Evet, bu kişileri dinlemek gerekiyor. Çünkü bazıları gerçekten sadece sesinin duyulmasını istiyor. Kendini dışlanmış hissediyor olabilir.
Bir insanı “eleştiriyorsan, buyur sen de gel çalış” diyerek sorumluluğa davet ettiğinizde ya katkı sunmaya başlar ya da sessizleşir. Çünkü artık dışarıdan izleyen değil, içeride çözüm arayan biri olmuştur.
Biraz empati yapalım.
Bu kişilerin bazılarında, “Kendini değersiz hissetme, kuruluşa ve yöneticilerine duyulan güven eksikliği, kuruma ait olmadığını düşünme, geçmişte yaşadığı olumsuz deneyimleri bugüne taşıma, önceki projelerde başarısızlık, yanlış yönetim nedeniyle oluşan hayal kırıklıkları” gibi düşünce ve tavırlar sivil topluma karşı olumsuz veya mesafeli olmalarına etki edebilir.
Bu tür bireyleri kazanmak ve kuruma yeniden dahil etmek ise tamamen dışlamakla değil, diyalog kurmakla mümkündür. Yıkıcı da olsa eleştirileri dinlemek, gerekirse birebir görüşmeler yapmak ve bu kişileri sorumluluk üstlenmeye teşvik ederek bakış açılarını değiştirebiliriz. Çünkü çalışmaya katılan bir birey, emeğin ne kadar zor olduğunu fark eder ve eleştirirken daha yapıcı davranır.
Bu alanda deneyimli kurumların, bu sorunları nasıl ele alıp çözdüğüne baktığımızda;
Geri bildirim mekanizmaları kuruyorlar. Herkesin fikrini paylaşabileceği açık toplantılar yapıyorlar. Şeffaflık çok güçlüdür, yapılan her iş raporla destekleniyor. “Bu böyle olmadı” diyen birine “İşte sebepler ve sonuçlar” denilebiliyor.
Katılımcılık esas… Eleştiride bulunan kişilere “gel, sen de çalışmalara katkı sun” denilerek hem şikayet azaltılır hem sahiplenme artırılır.

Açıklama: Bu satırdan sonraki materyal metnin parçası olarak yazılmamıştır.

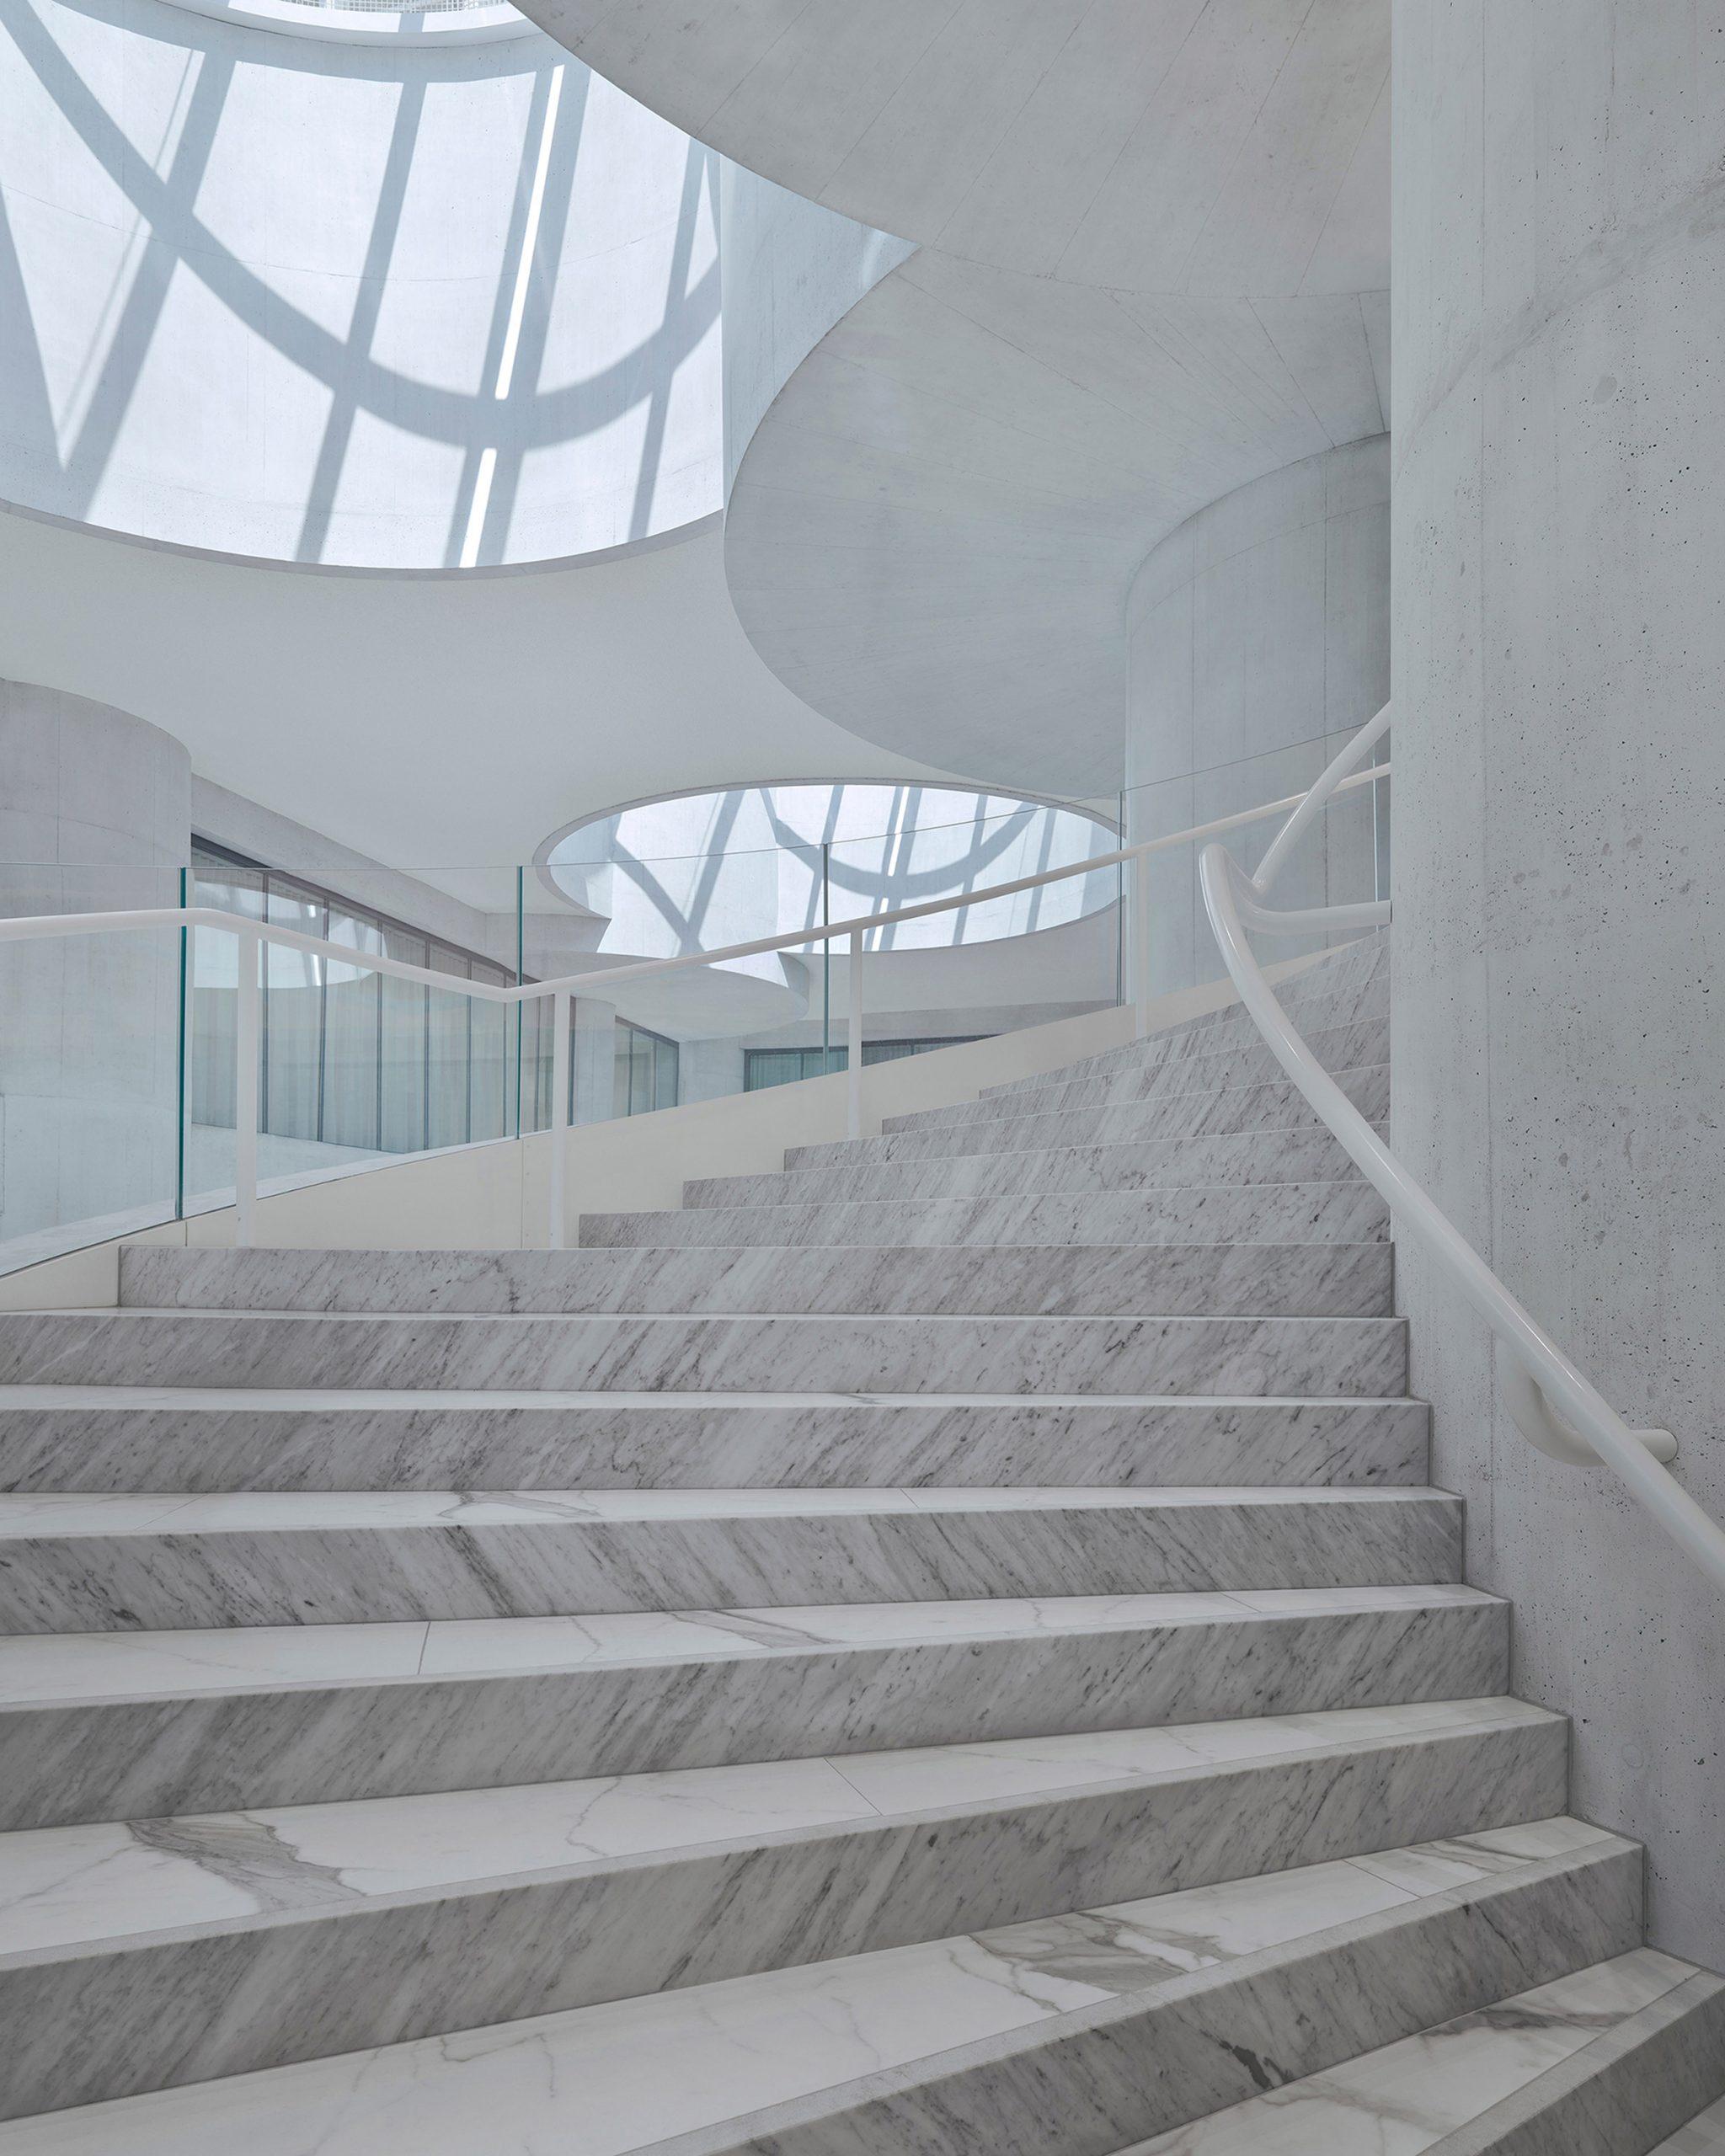 Lindt Home of Chocolate by Christ & Gantenbein spiral staircase

Gelelim meselemizin can alıcı noktasına:
STK’da yönetici ve üyeler olarak ne yapmalıyız?
Eleştiriyi kişiselleştirmemeli ama dikkate almalıyız.

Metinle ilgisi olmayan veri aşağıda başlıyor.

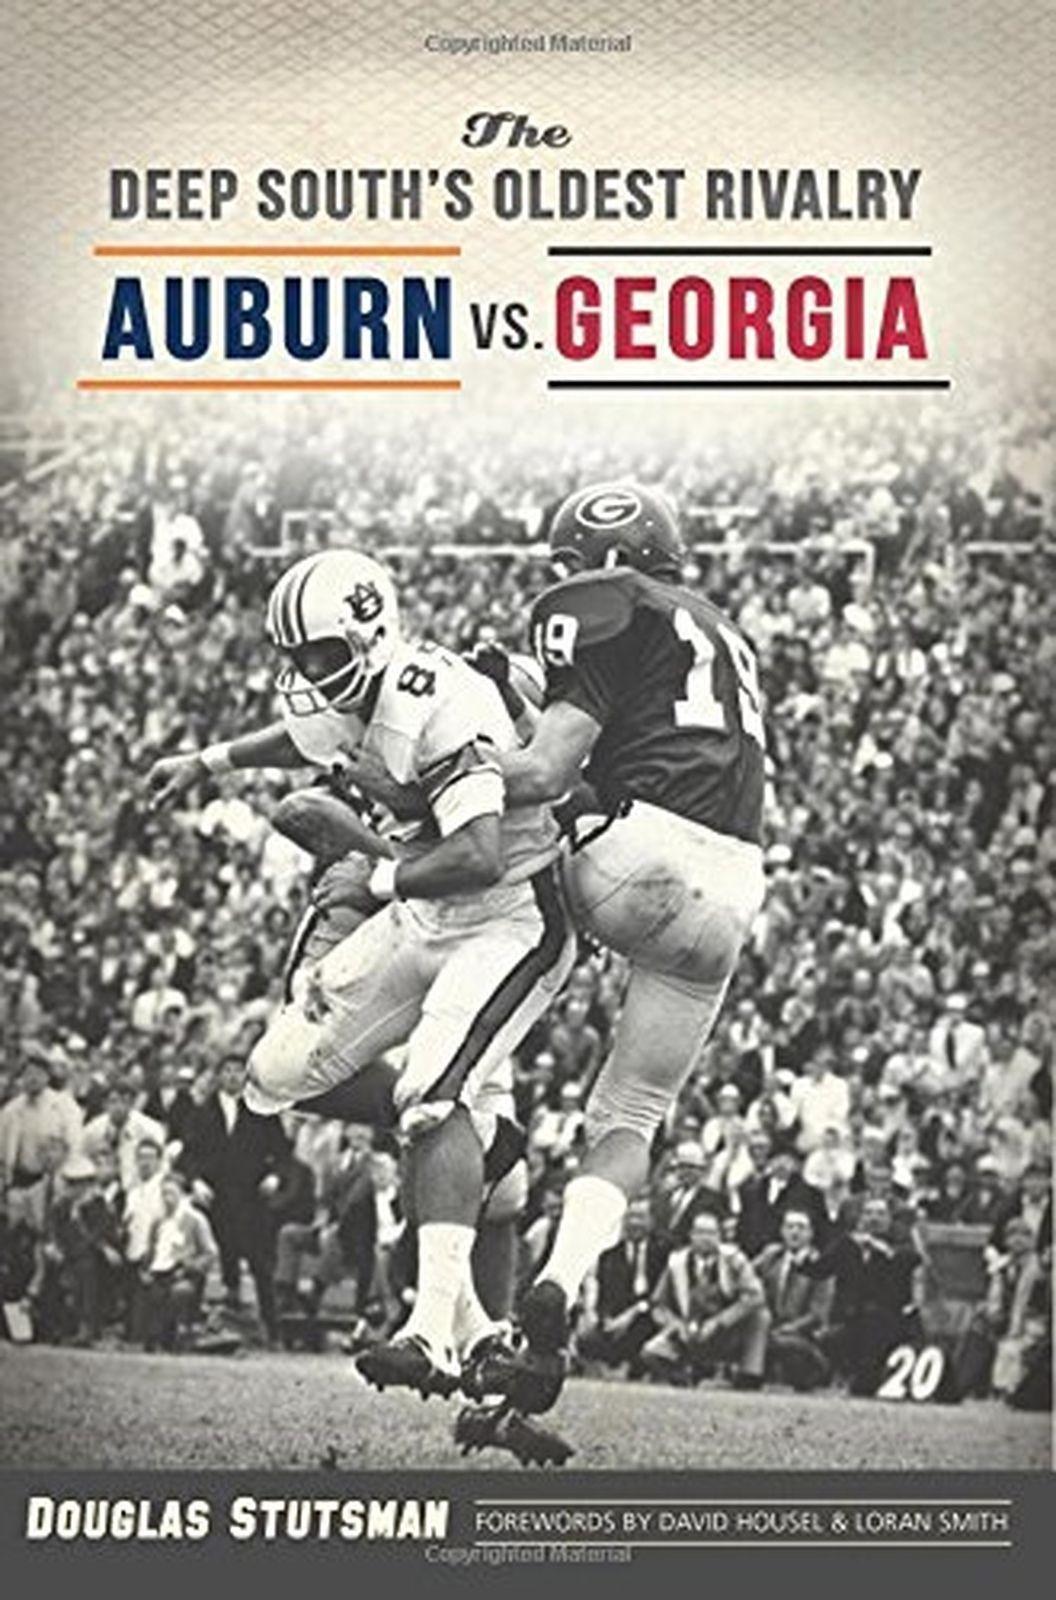 The Deep South's Oldest Rivalry Auburn vs.

Yıkıcı eleştiriyi ayırt etmeli ve yapıcıya dönüştürmenin yollarını aramalıyız. Eleştirenleri kesinlikle dışlamamalı sürece dahil etmenin gayretinde olmalı, birlikte çalışmaya davet etmeliyiz.
Her şeyi açık, anlaşılır, şeffaf şekilde anlatmalı, görünürlük sağlamalıyız.
Ve en önemlisi: Herkesin psikolojisinin, geçmişinin ve bakış açısının farklı olduğunu unutmadan sabırlı ve adil olmalıyız.
Hasılı kelam;
Sivil toplum hepimizin ortak alanı. Eleştiren de bizim insanımız, çalışan da. Amaç “ortak akıl” ile diyalog kapılarını daima açık tutmak olmalıdır.
STK’lar da geldiği görev ve makama rağmen ‘değişmeden’ özveriyle çalışan, beraber çalıştıklarına vefalı olan, sorunlara imkanları nispetinde çözüm üreten, işinin ve görevinin şuuruyla kalbi temiz bir şekilde hizmet eden fedakar yiğitlere destek verip takdir edelim.
Sözün sonu:
Şikayet eden miyiz? Şikayet edilen miyiz?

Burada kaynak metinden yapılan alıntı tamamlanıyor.